## [Description of the task]
Nothing but the lines below from the one with "Schwarz sport Turnschuhe" through the one with "Panorama de nevados" should be output, each exactly as given, and no pictures.
[Records provided Boundary: Start]
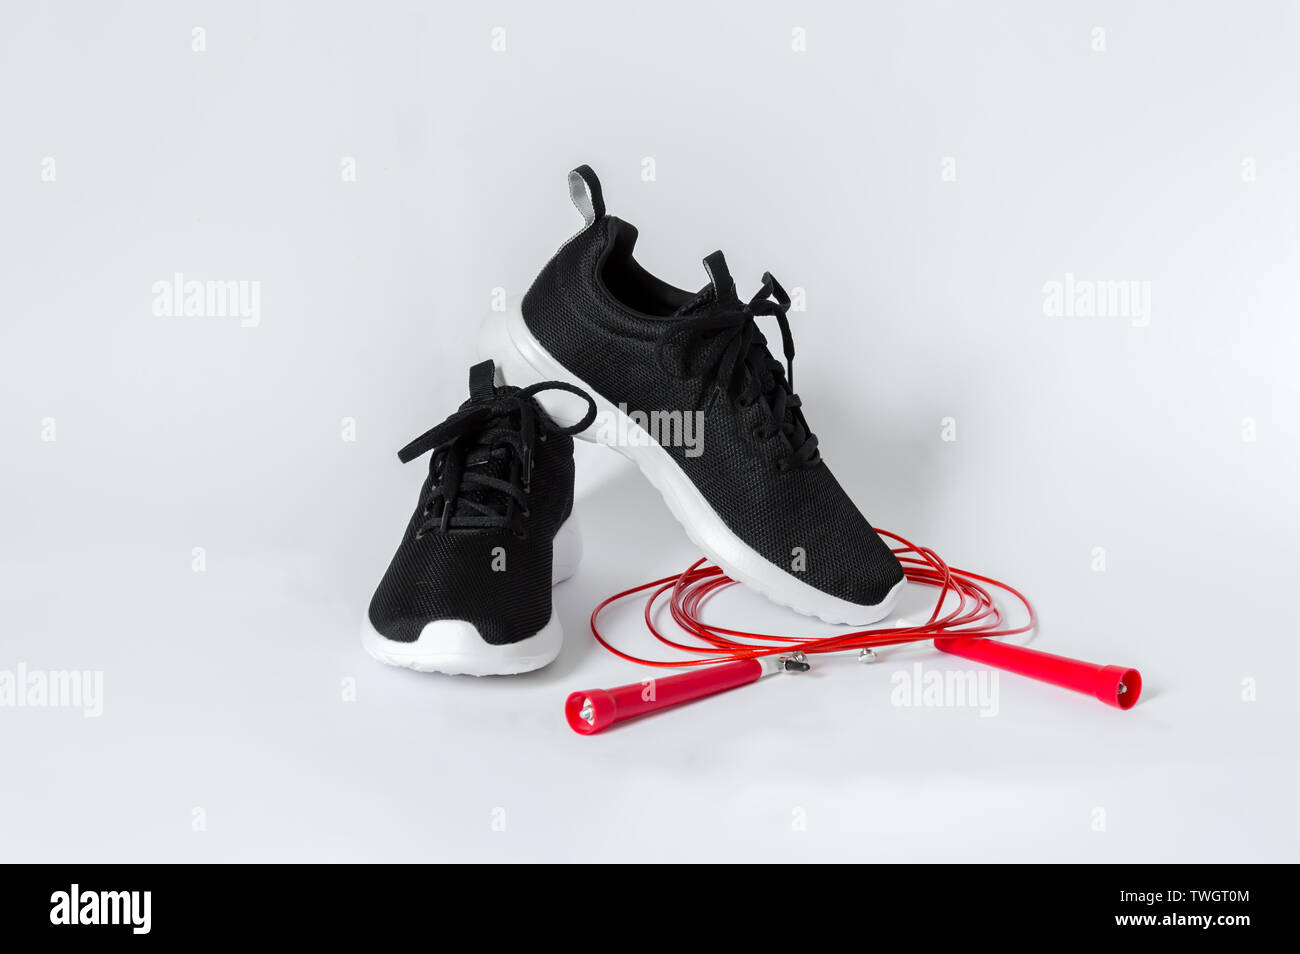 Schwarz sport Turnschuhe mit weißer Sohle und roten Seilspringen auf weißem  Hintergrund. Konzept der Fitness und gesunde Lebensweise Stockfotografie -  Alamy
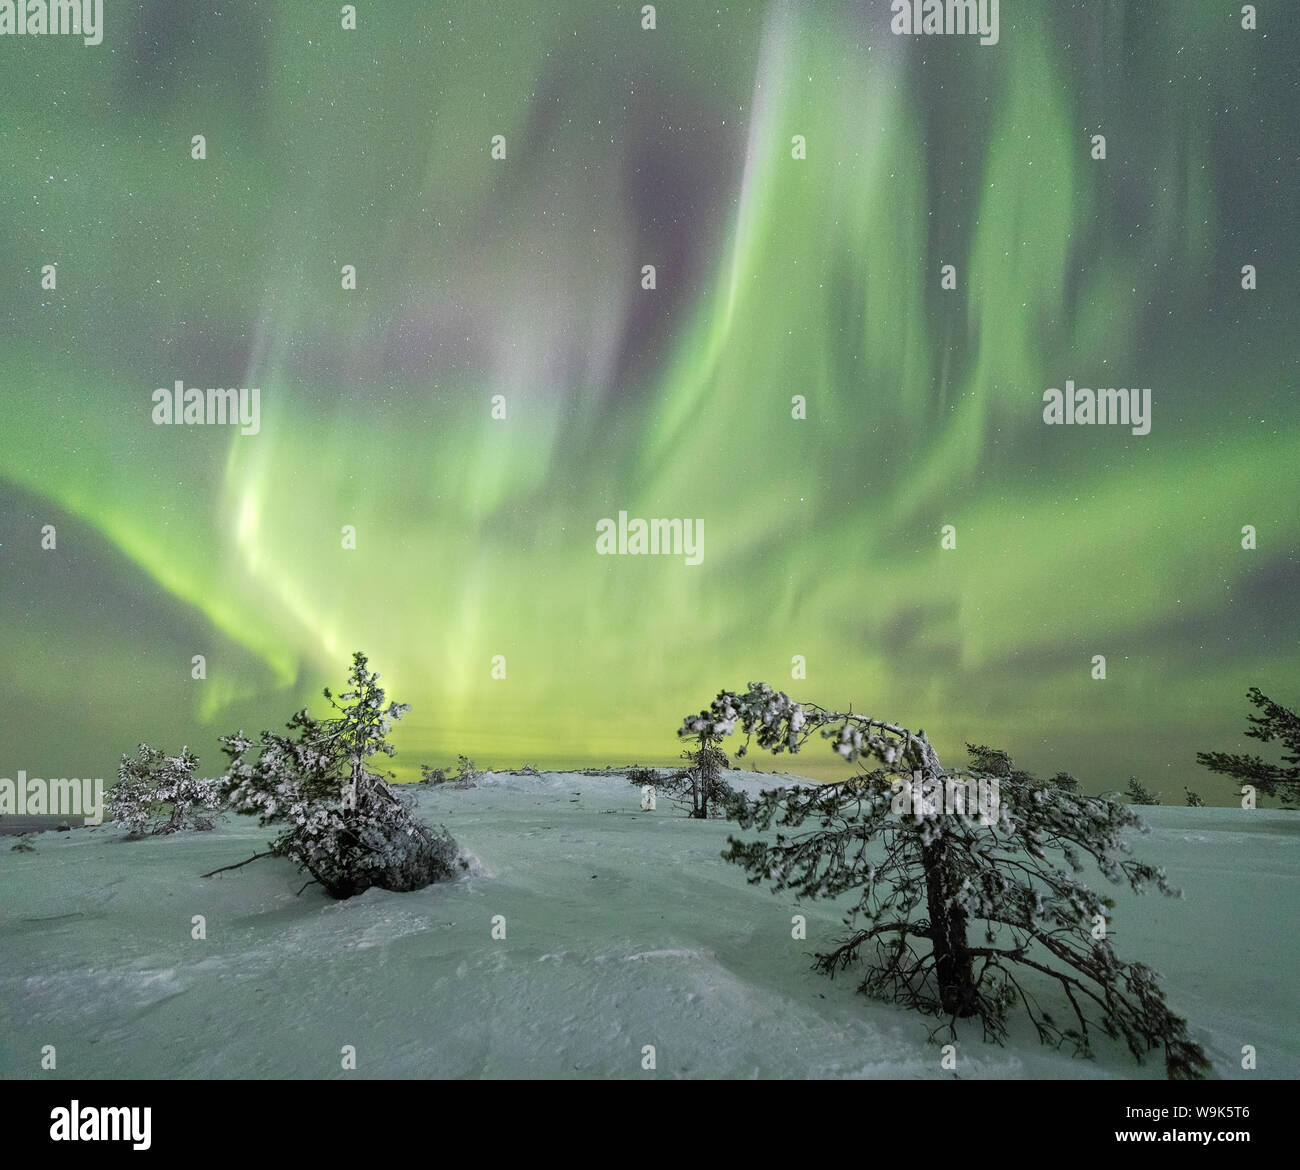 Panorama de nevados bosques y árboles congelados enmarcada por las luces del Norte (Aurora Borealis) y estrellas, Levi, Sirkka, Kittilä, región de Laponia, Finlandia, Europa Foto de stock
[Records provided Boundary: End]
[Records provided Boundary: Start]
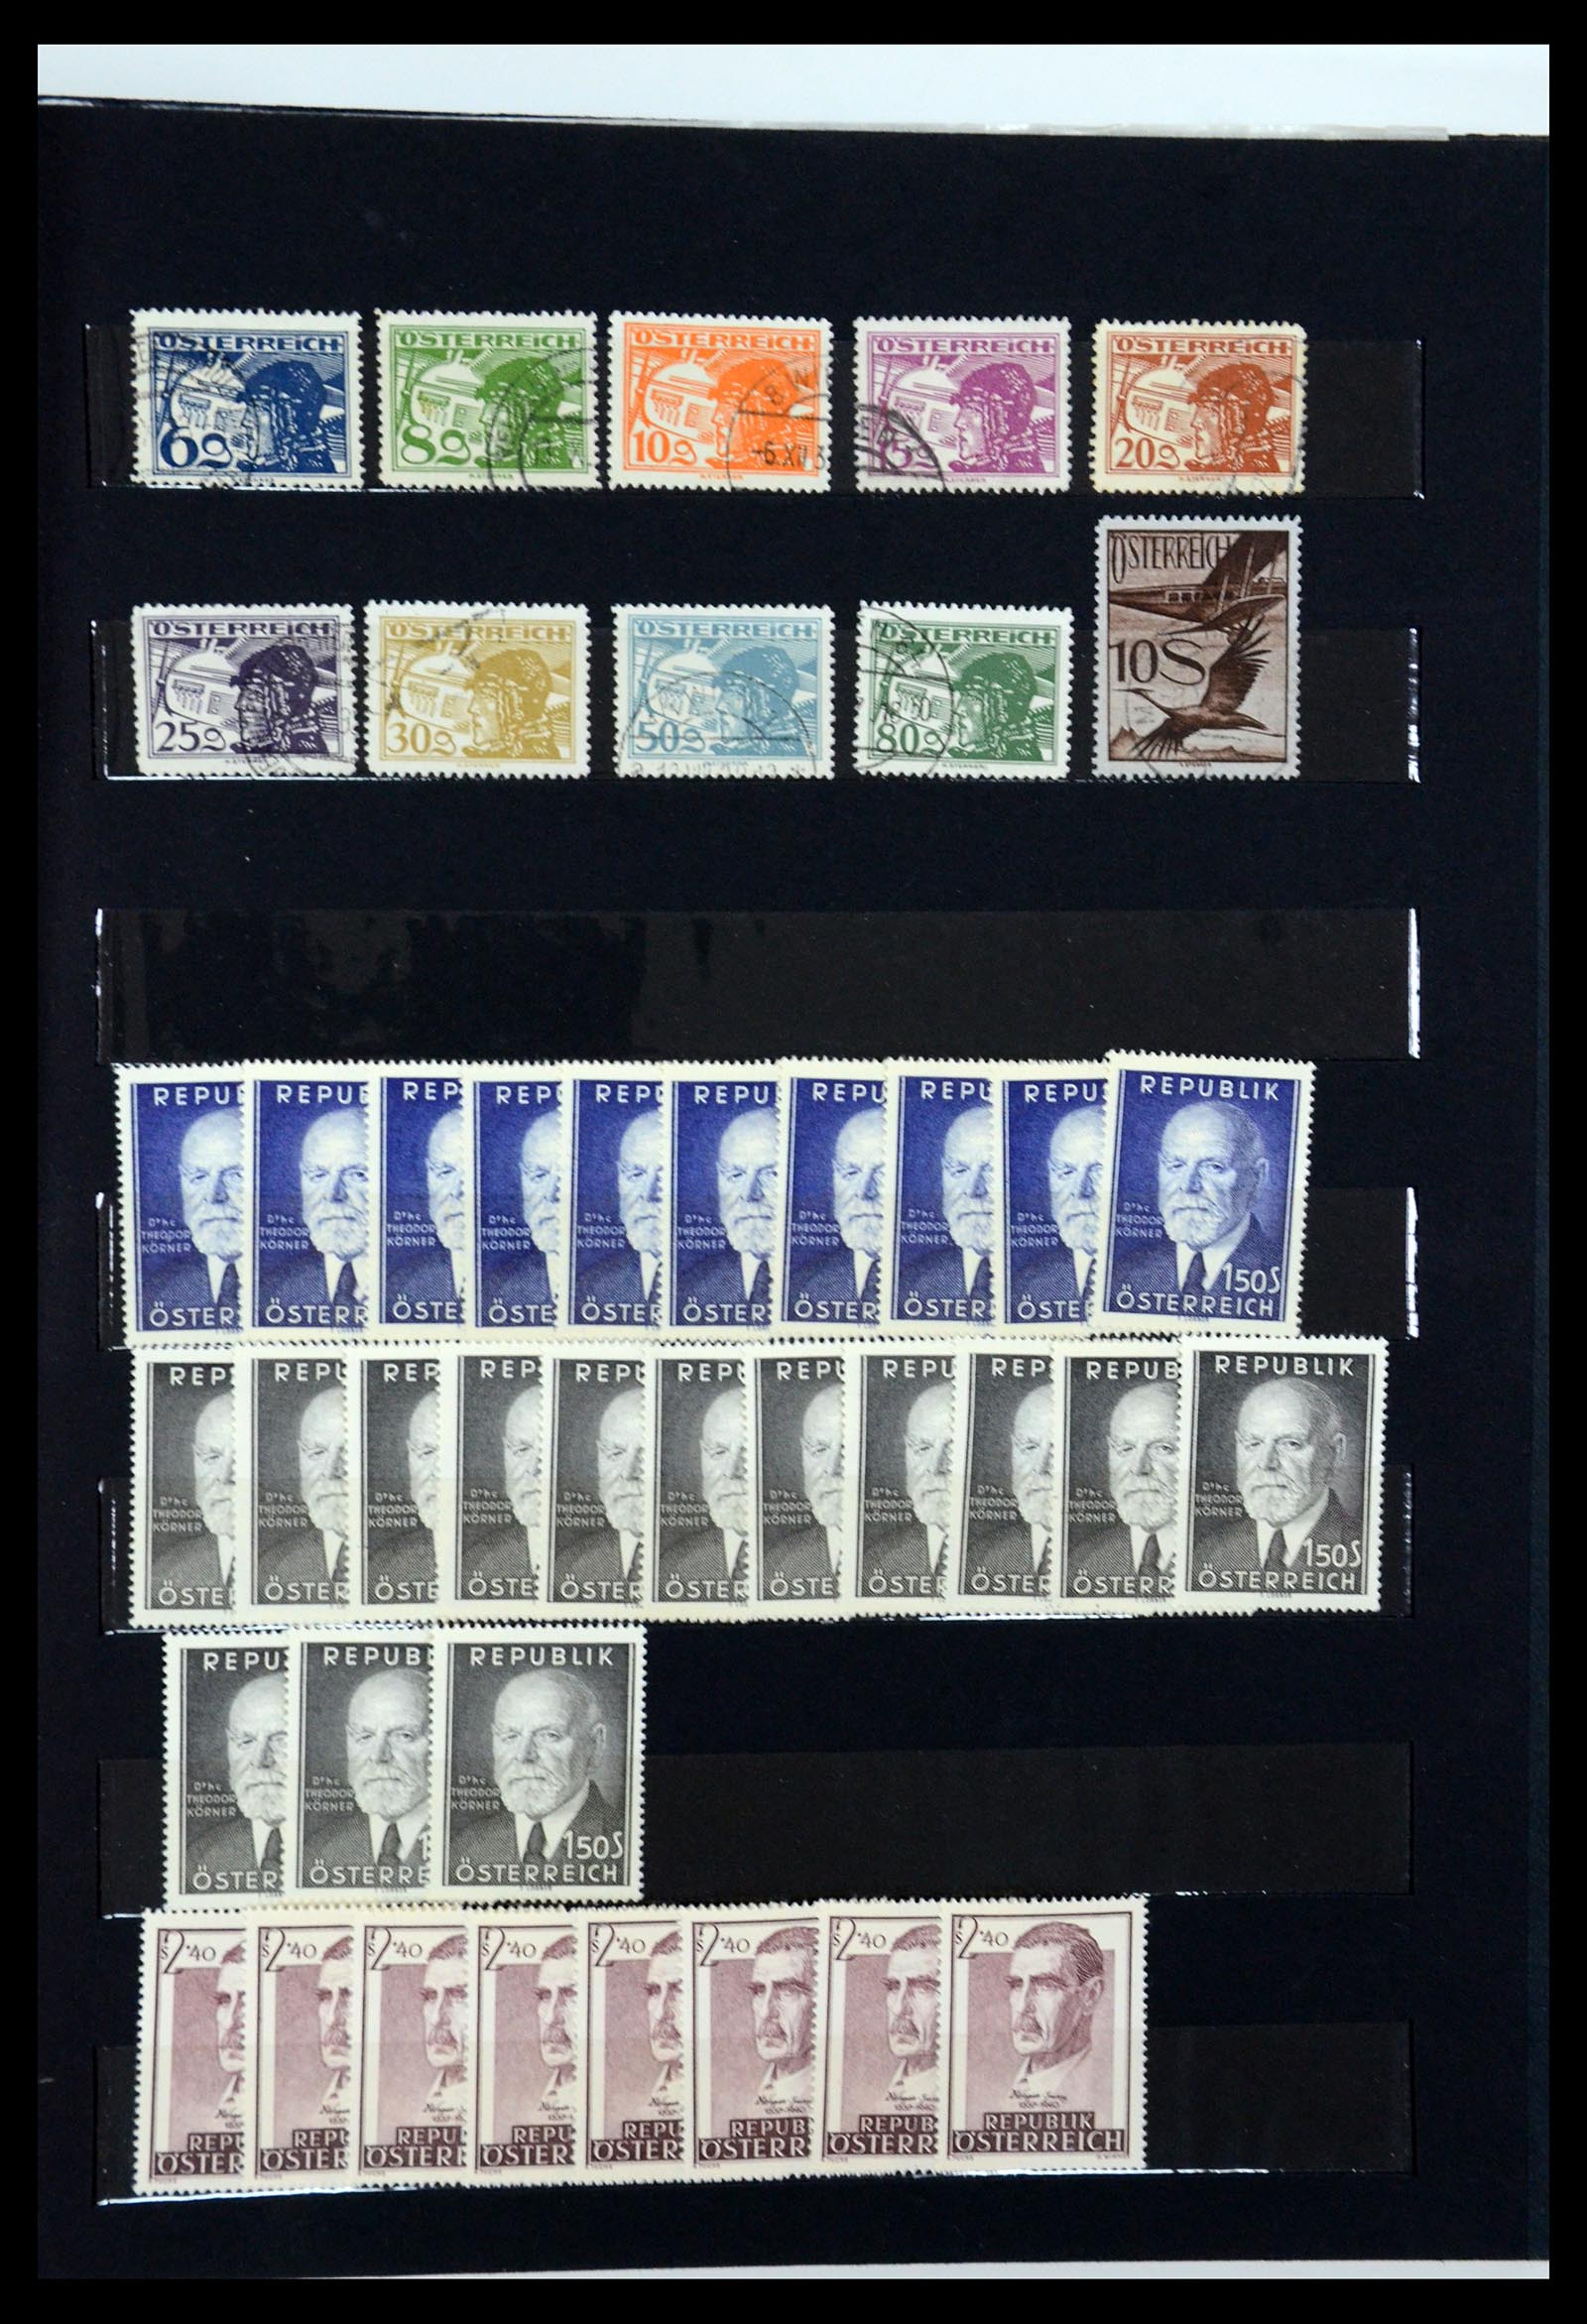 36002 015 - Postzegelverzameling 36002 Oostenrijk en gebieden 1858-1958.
[Records provided Boundary: End]
## [Result]
 Schwarz sport Turnschuhe mit weißer Sohle und roten Seilspringen auf weißem  Hintergrund. Konzept der Fitness und gesunde Lebensweise Stockfotografie -  Alamy
 Panorama de nevados bosques y árboles congelados enmarcada por las luces del Norte (Aurora Borealis) y estrellas, Levi, Sirkka, Kittilä, región de Laponia, Finlandia, Europa Foto de stock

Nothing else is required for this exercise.